B. More Aggressive Employers May Wish to Count on the Chance that the Courts of Appeals May Refuse to Enforce a
Board Order Applying the Board's Beneficent Act's Exception.
Board orders are not self-enforcing. If an employer refuses to comply with a Board order, the Board must petition for
enforcement with the appropriate United States Court of Appeals. And, the courts of appeals have not uniformly agreed
with the Board's conclusion that permitting charitable solicitations while prohibiting union solicitations constitutes unlawful
"discrimination against unions." Indeed, the Fourth, Sixth and Seventh Courts of Appeals have faulted the Board for
equating the uniform application of rules that only prohibit certain kinds of solicitation (e.g., solicitations for the sale of
products or services) with rules that "discriminate against" unions. Sandusky Mall Company v. National Labor Relations
Board, 242 F.3d 682 (6th Cir. 2001)(citing Cleveland Real Estate Partners v. National Labor Relations Board, 95 F.3d 457 (6th
Cir. 1996)); Riesbeck Food Markets v. National Labor Relations Board, 91 F.3d 132 (4th Cir. 1996); Guardian Industries Corp.

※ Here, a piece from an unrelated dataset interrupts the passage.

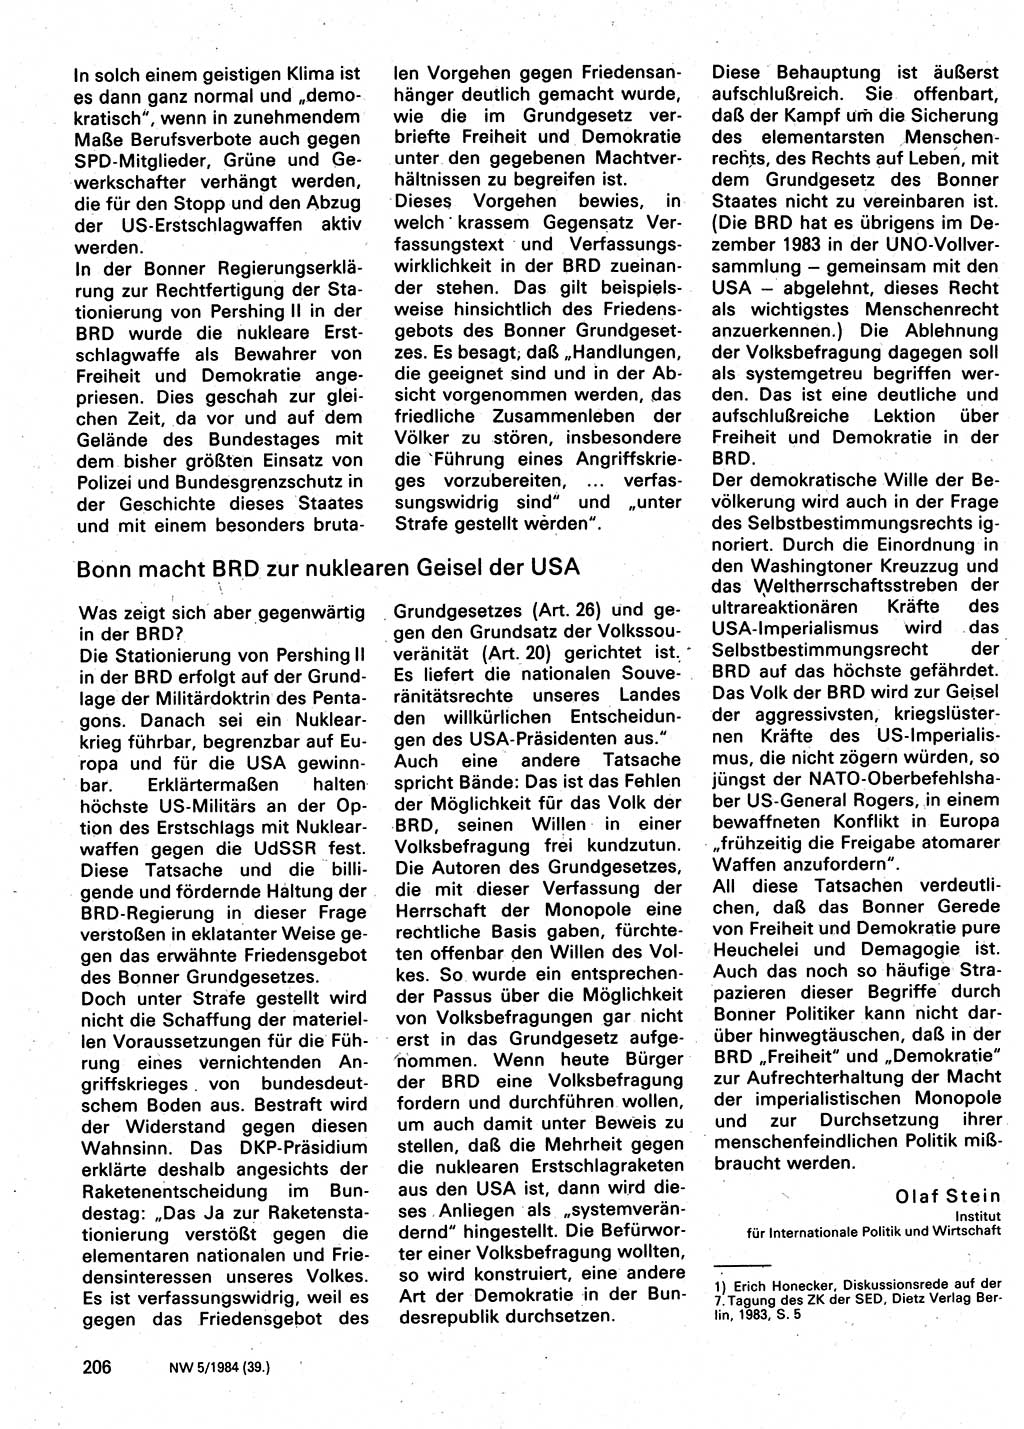 Neuer Weg (NW), Organ des Zentralkomitees (ZK) der SED (Sozialistische Einheitspartei Deutschlands) für Fragen des Parteilebens, 39. Jahrgang [Deutsche Demokratische Republik (DDR)] 1984, Seite 206 (NW ZK SED DDR 1984, S. 206)

v. National Labor Relations Board, 49 F.3d 317 (7th Cir. 1995). Although the Eighth Circuit, which includes Minnesota, Iowa,
North and South Dakota, Missouri, Nebraska and Arkansas, has not directly addressed the arguments made in these cases,
there is a powerful argument to be made that an employer may lawfully permit charitable solicitations (regardless of the
number or extent of such solicitations) while prohibiting solicitations for the sale of goods or services, for political
candidates or causes, and for any other purpose. In the context of an allegation that an employer's sponsoring of
September 11 fundraising opened the door to union organizational activity, we think that most courts of appeals would
lend a sympathetic ear to the position of the beneficent employer.